● DATASET EXTRACT:
Start of Block
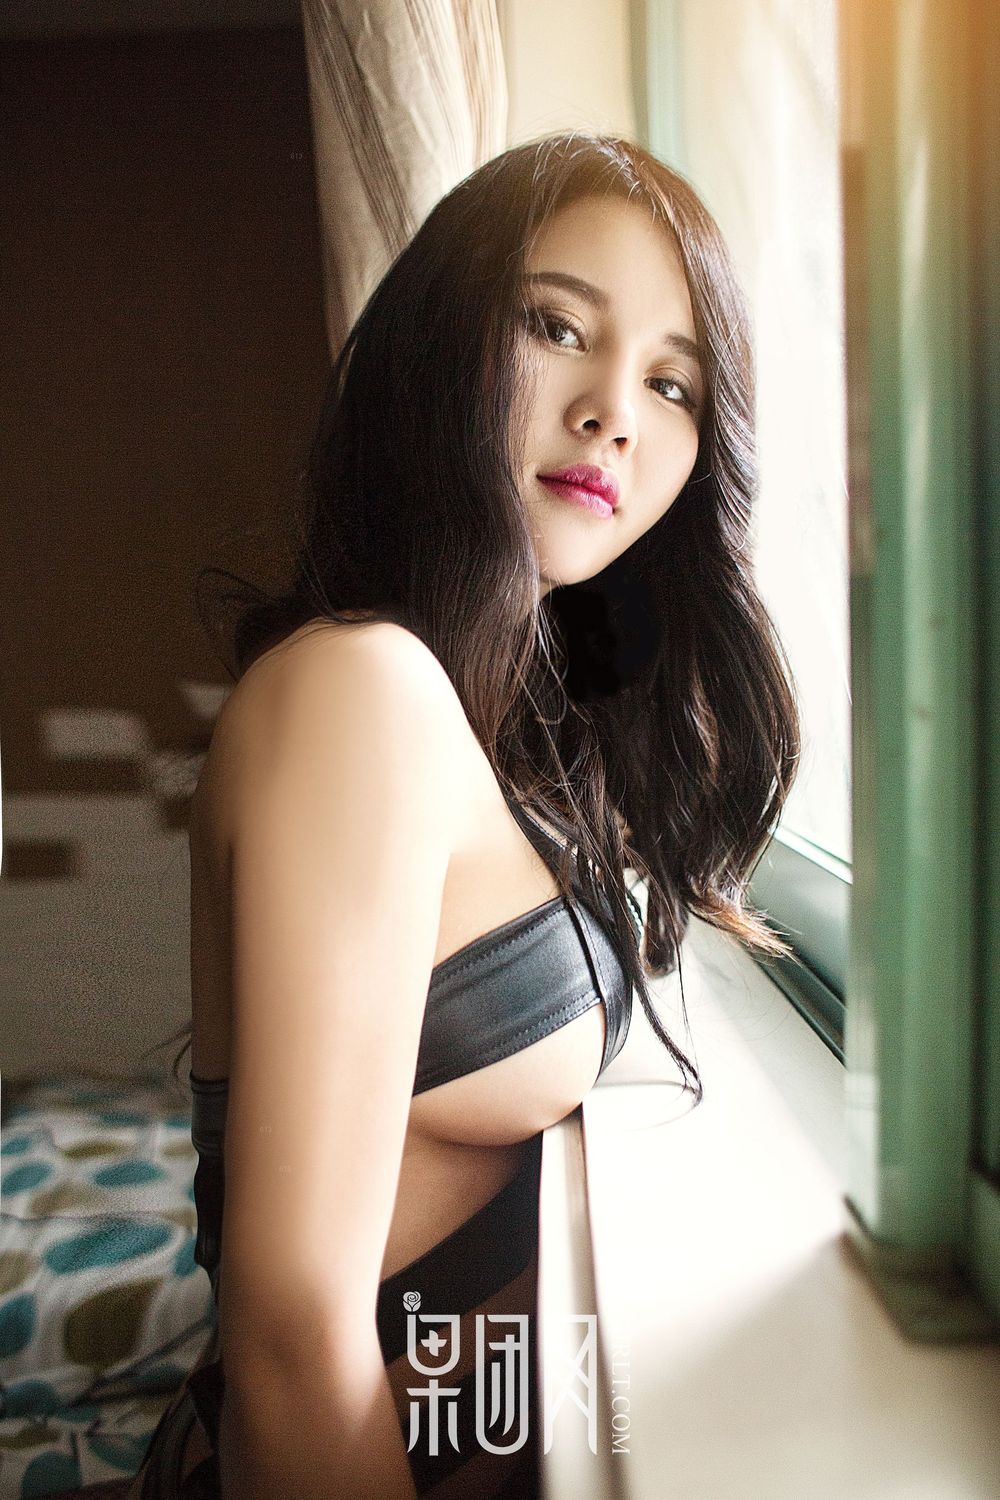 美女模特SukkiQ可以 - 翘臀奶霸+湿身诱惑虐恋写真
End of Block
Start of Block
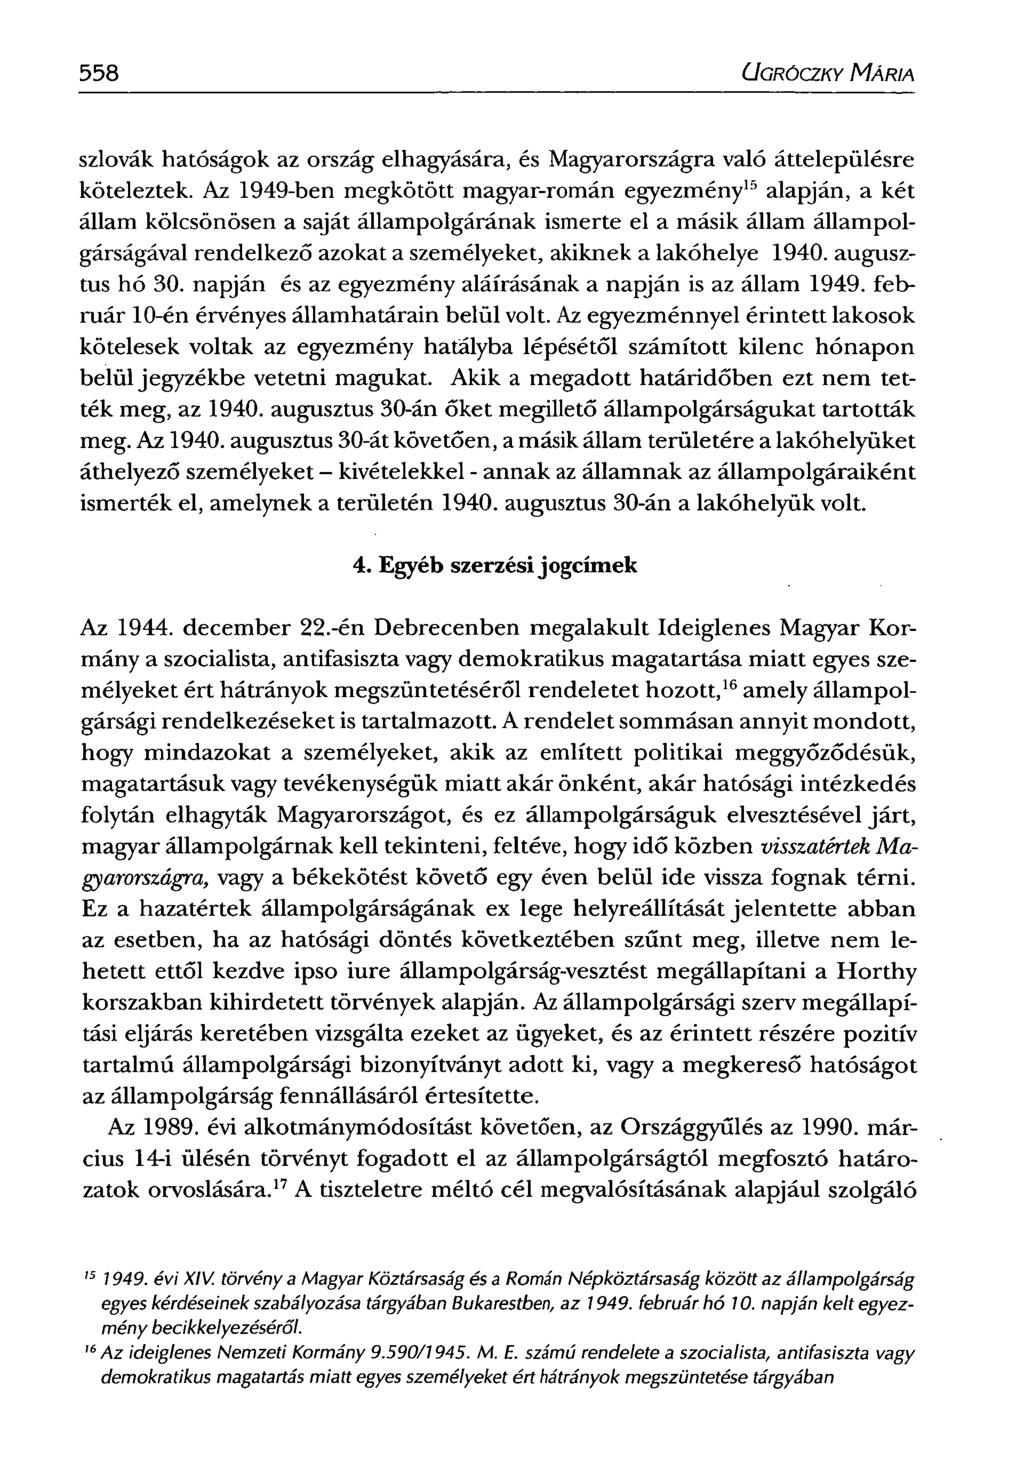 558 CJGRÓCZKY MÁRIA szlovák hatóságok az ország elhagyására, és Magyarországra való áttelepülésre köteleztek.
End of Block
Start of Block
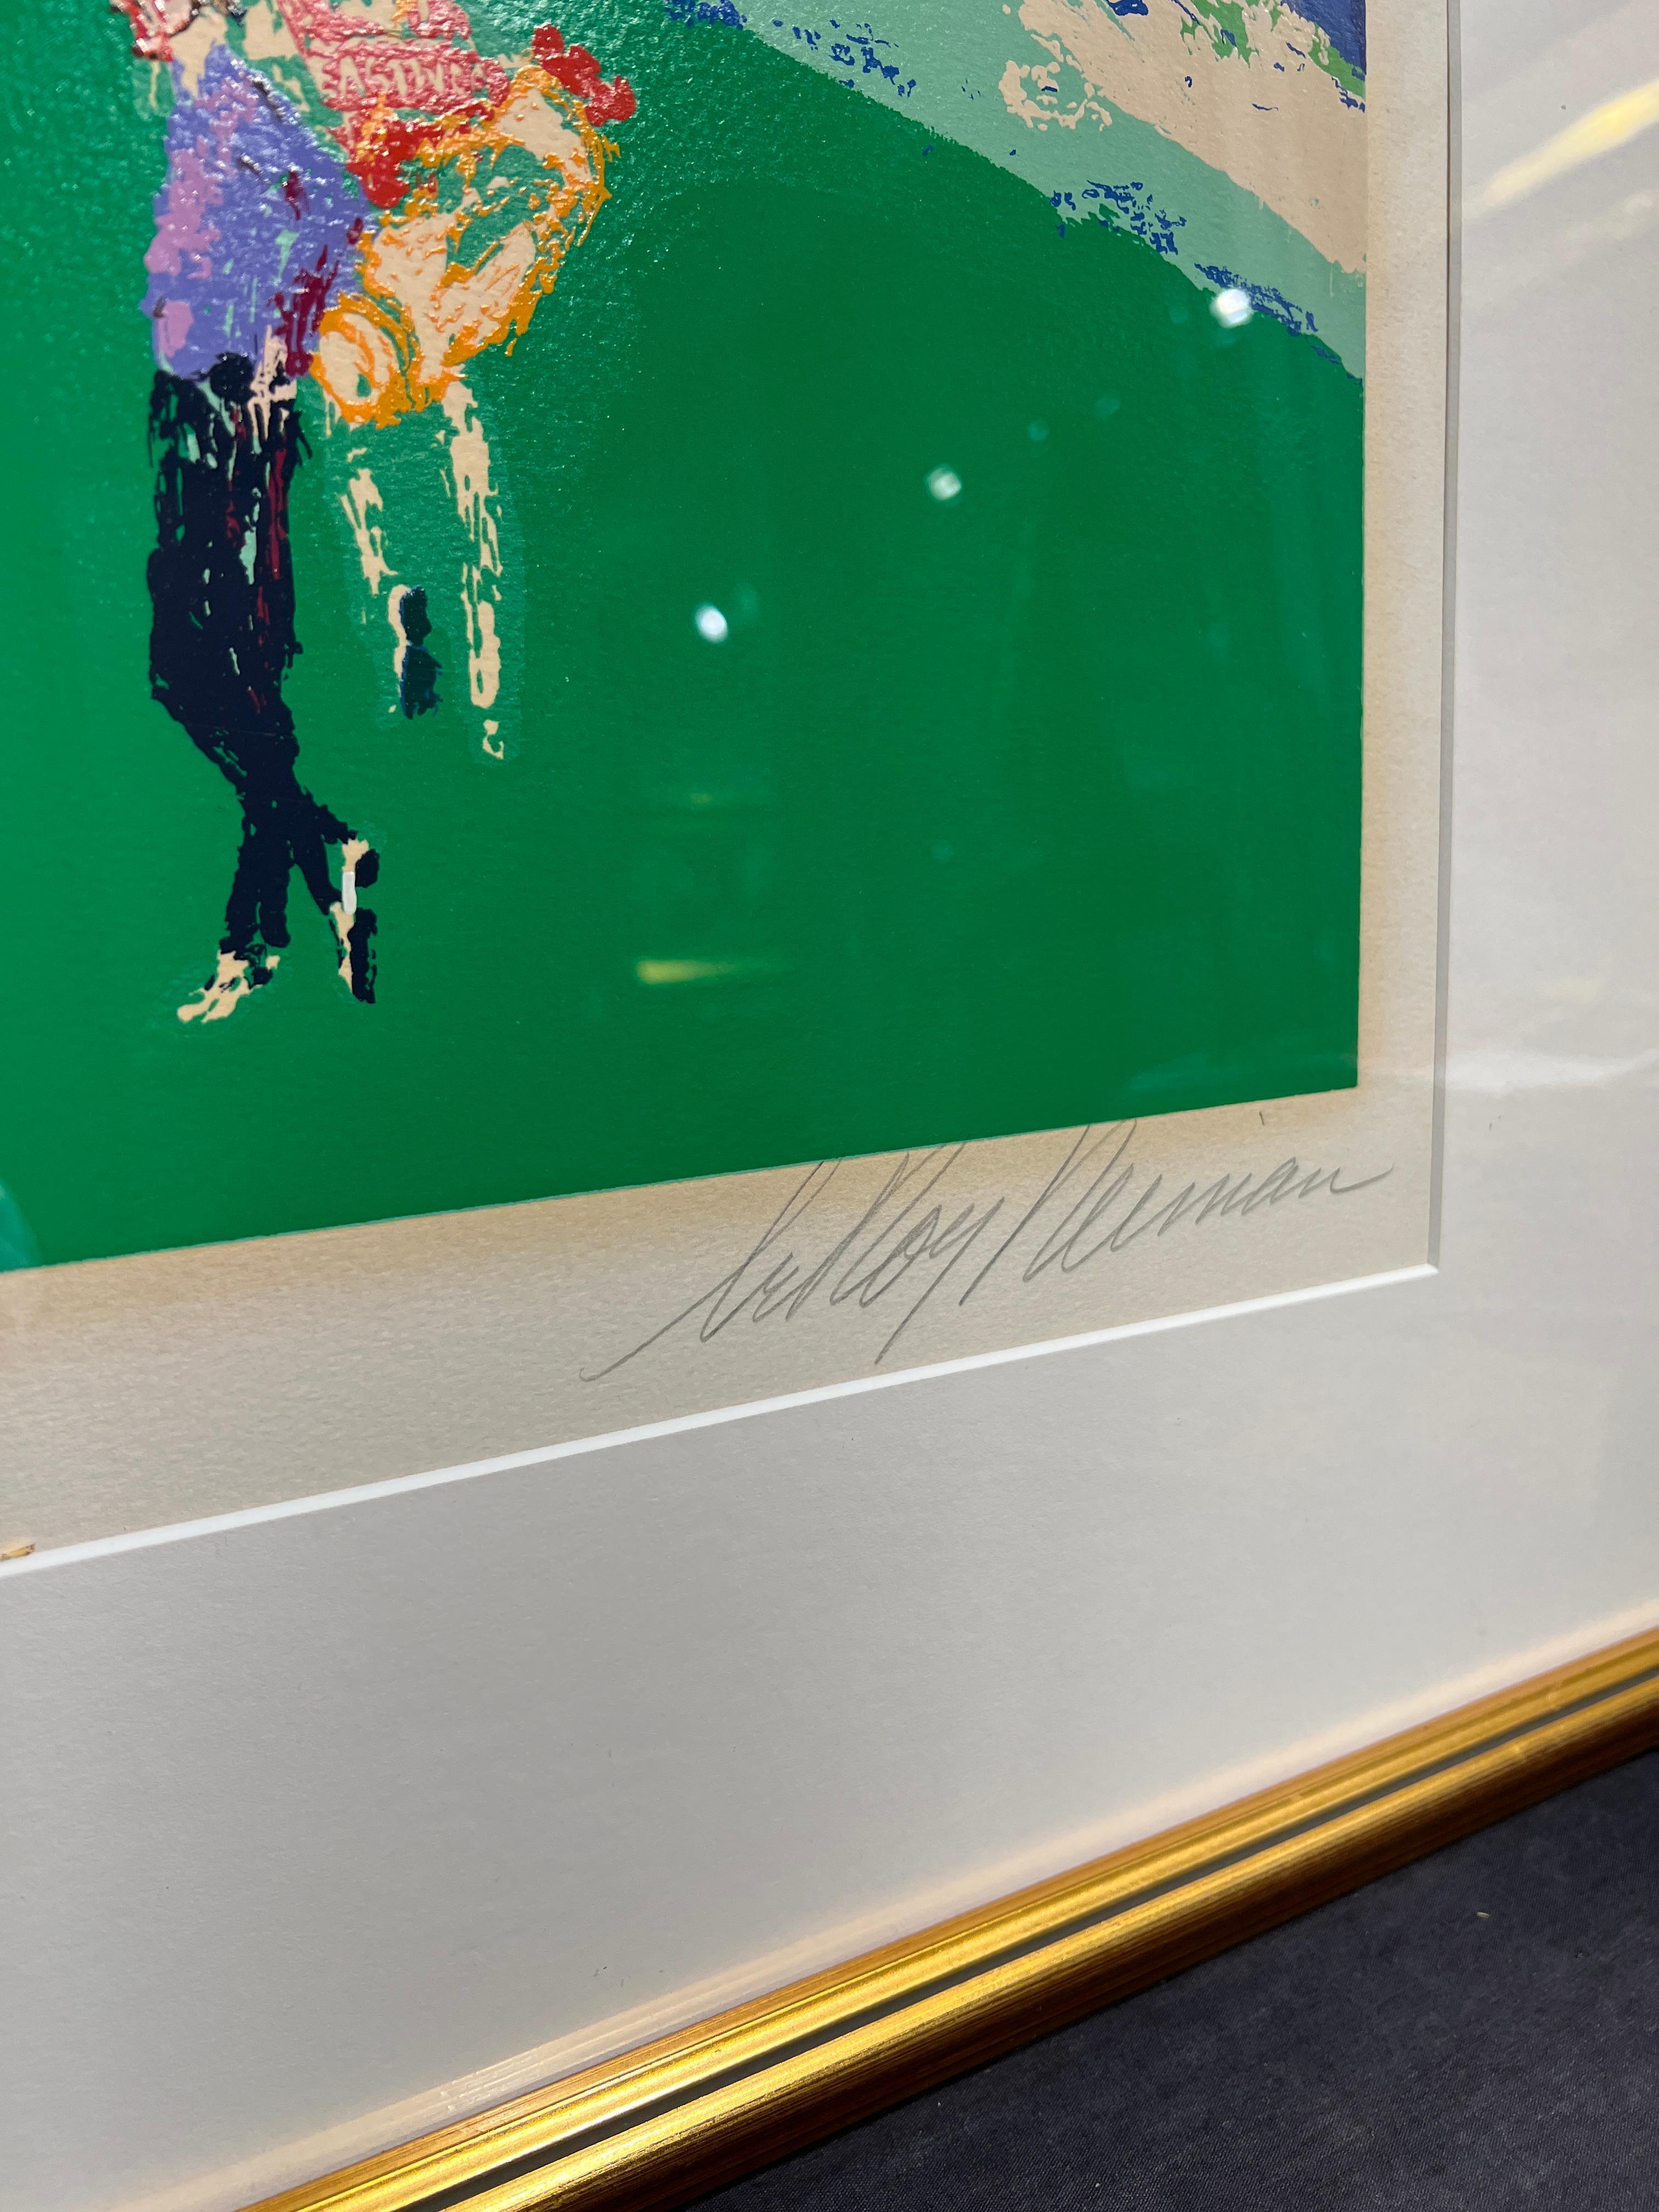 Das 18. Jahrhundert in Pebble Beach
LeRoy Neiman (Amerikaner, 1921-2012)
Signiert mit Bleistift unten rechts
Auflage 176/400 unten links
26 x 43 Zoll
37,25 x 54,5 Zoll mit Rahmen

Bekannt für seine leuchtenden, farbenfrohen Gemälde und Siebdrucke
End of Block
● ACTIVITY: Copy the lines of the data above exactly as written, beginning with the line containing "Signiert mit Bleistift unten rechts" and ending with the line containing "Bekannt für seine", and leave out all other lines.

● PROBLEM SOLUTION:
Signiert mit Bleistift unten rechts
Auflage 176/400 unten links
26 x 43 Zoll
37,25 x 54,5 Zoll mit Rahmen

Bekannt für seine leuchtenden, farbenfrohen Gemälde und Siebdrucke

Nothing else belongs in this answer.